COSAM News Articles 2021 October The impact of going beyond a ‘value-free’ biology curriculum with award from NSF

The impact of going beyond a ‘value-free’ biology curriculum with award from NSF

Published: 10/05/2021

By: Maria Gebhardt

Two researchers in the Department of Biological Sciences at Auburn University are part of a research team testing the impacts of open-access resources for undergraduate classrooms that increase ideological awareness of aspiring scientists. Ultimately, they hope the materials encourage students to pursue additional education and future careers in STEM.  

Cissy Ballen, an assistant professor, and Abby Beatty, a postdoctoral associate, are leading a $299,950 grant received from the National Science Foundation (NSF) Improving Undergraduate STEM Education: Education and Human Resources (IUSE: EHR) strand to further understand the role of bias and address it in the classroom. 

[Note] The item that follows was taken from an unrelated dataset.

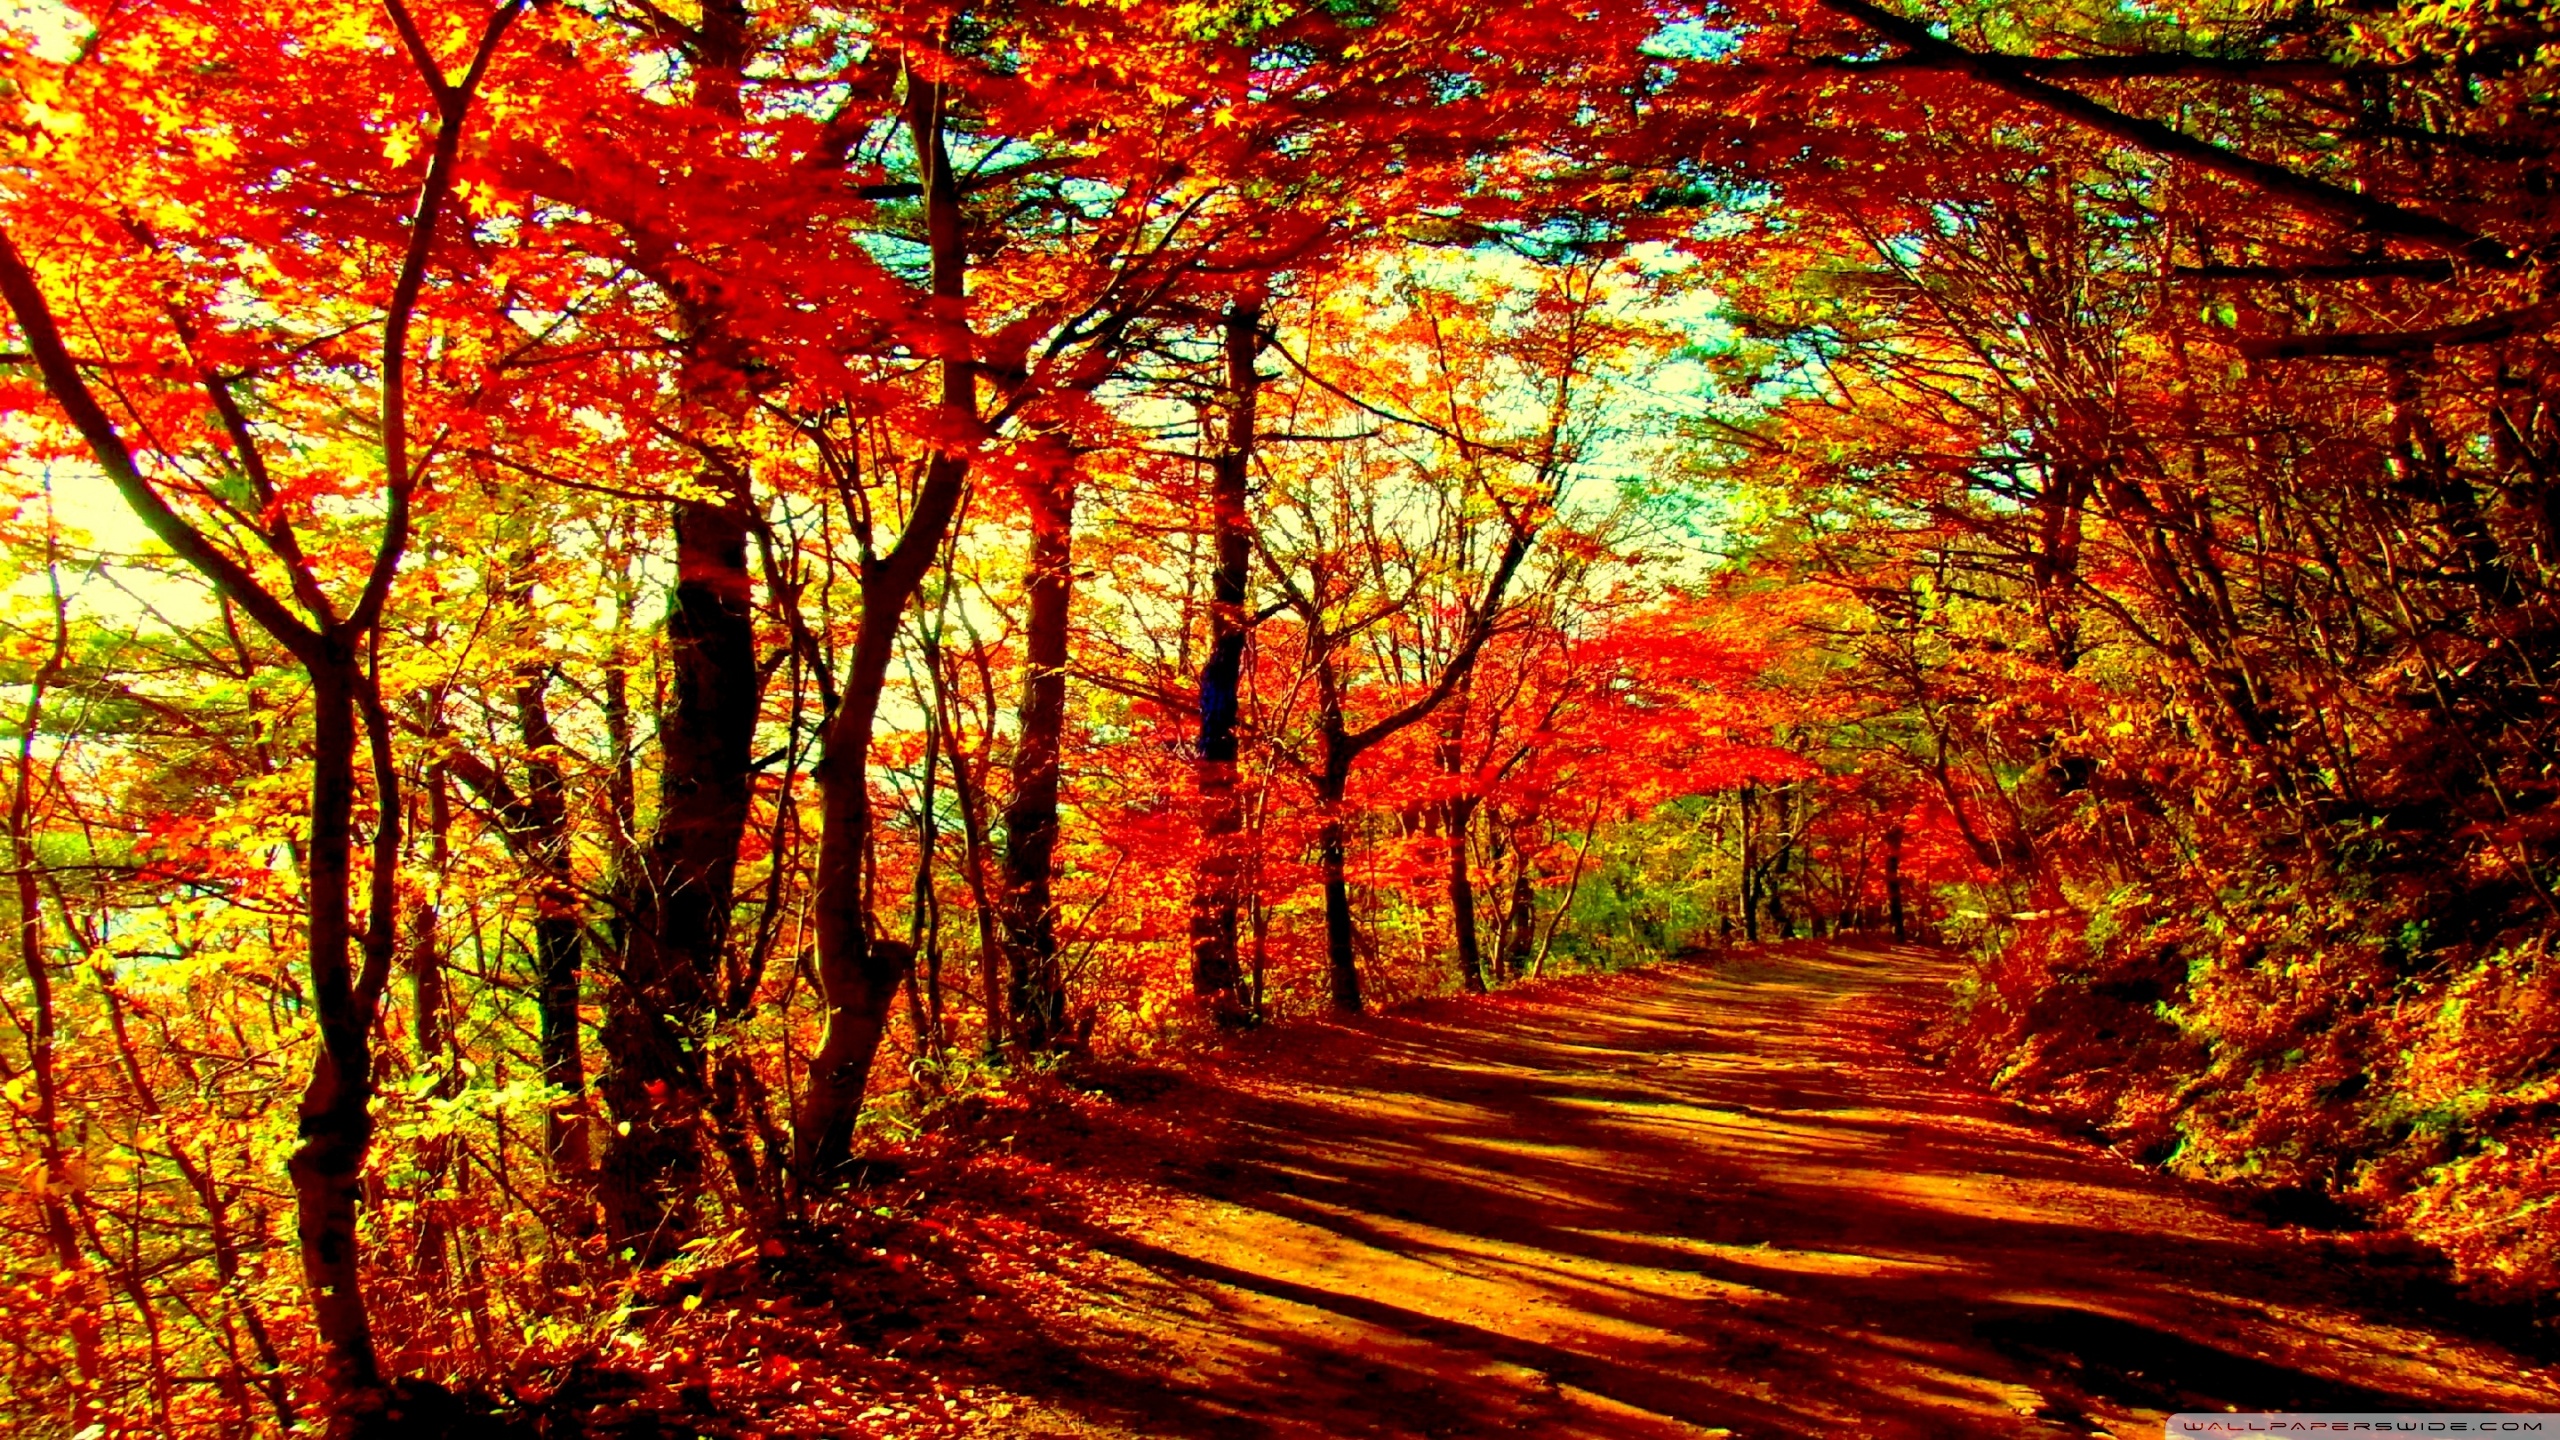 Hd 16 - - Autumn Forest Wallpaper Hd , HD Wallpaper & Backgrounds
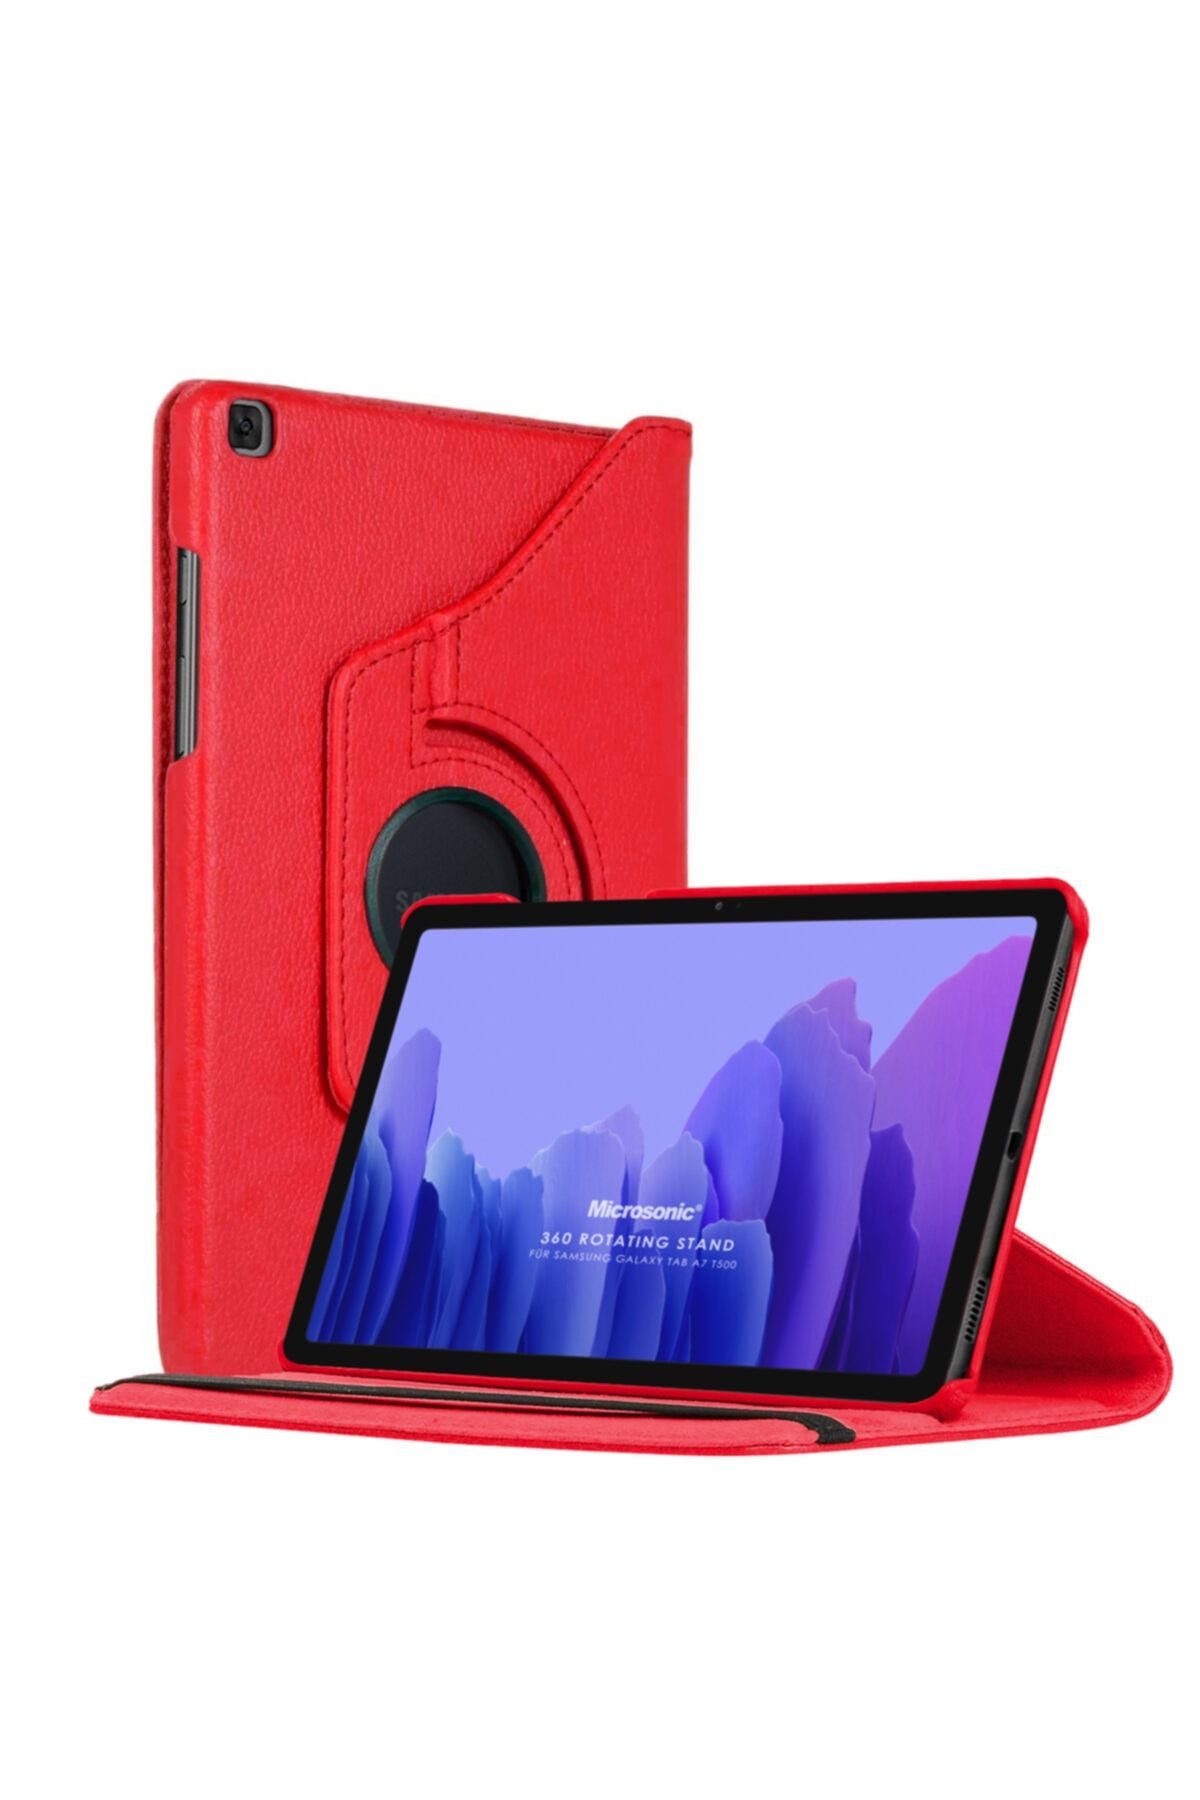 Microsonic Galaxy Tab A7 T500 Uyumlu Kılıf 360 Rotating Stand Deri Kırmızı

The collaborative award will combine efforts from Oct. 2021 – Sept. 2024 at Auburn University, University of South Alabama, Auburn University at Montgomery, and Tuskegee University for the award Fostering ideological awareness in the context of postsecondary biology through open-source course modules.  

“This award allows us to test the impact of going beyond a ‘value-free’ curriculum in biology. We will evaluate the influence of teaching biases, stereotypes, and assumptions that shape contemporary and historical science, something you rarely see in undergraduate biology classes,” said Ballen, the Principal Investigator (PI) of this grant. She has published more than 35 publications on the topic of Disciplined-Based Education (DBER). Jeremiah Henning from the University of South Alabama is the Co-PI. COSAM’s Assistant Dean for Inclusion, Equity, and Diversity Kimberly Mulligan and Sheritta Fagbodun from Tuskegee University serve as Senior Personnel on the grant.

“Through this NSF award, we will test the impacts of novel modules on science literacy skills and critical thinking skills in multiple schools throughout the state of Alabama,” said Beatty. “For example, some of the classroom modules seamlessly integrate more diverse role models in science education and we hope spark an excitement for students to learn about science. Ideally, these materials will allow students to apply core biological concepts to their everyday experiences, bridging the gap between science and society.” 

Traditional scientific training prepares students for scientific practice rather than helping them navigate difficult concepts such as human rights, environmental racism, and science biases such as underrepresentation in educational resources. This research assesses instructor knowledge of these topics, and how integrating these concepts into biology impacts students’ science literacy and critical thinking.

“Our team’s research will help students have critical conversations and broaden their perspectives,” Beatty said.

The three equitable models include for the classroom activities are:  

  • Unethical Experimentation and its Relation to Human Rights Evolution 
  • How Biological Science Shapes Societal Views on Identities 
  • Persisting Societal Biases Shaped by Historical Beliefs in Biology

In addition to disseminating surveys to a national sample of biology instructors for this research project, the group will also conduct pre- and post-interviews with the participating instructors across Alabama,  survey thousands of biology students, and host a regional meeting to discuss these timely topics. 

Moreover, Beatty was a recipient of the 2020 Inclusive Excellence in STEM Award in the College of Sciences and Mathematics. The award states that it given to those “demonstrating tremendous leadership” focused on inclusion, equity and diversity in the college. 

Beatty will use the funding through this 2020 award for both Auburn University and Auburn University Montgomery students to share Scientific Spotlight poster presentations at outreach-centric events with third to eight-grade classes, exposing the youth of Alabama to the wealth of diversity within the science community. 

“My goals are to help students in younger age groups see themselves in STEM and increase the potential for more diversity in science, and broaden the importance of biology and its implications for students as they leave the introductory biology series,” Beatty added.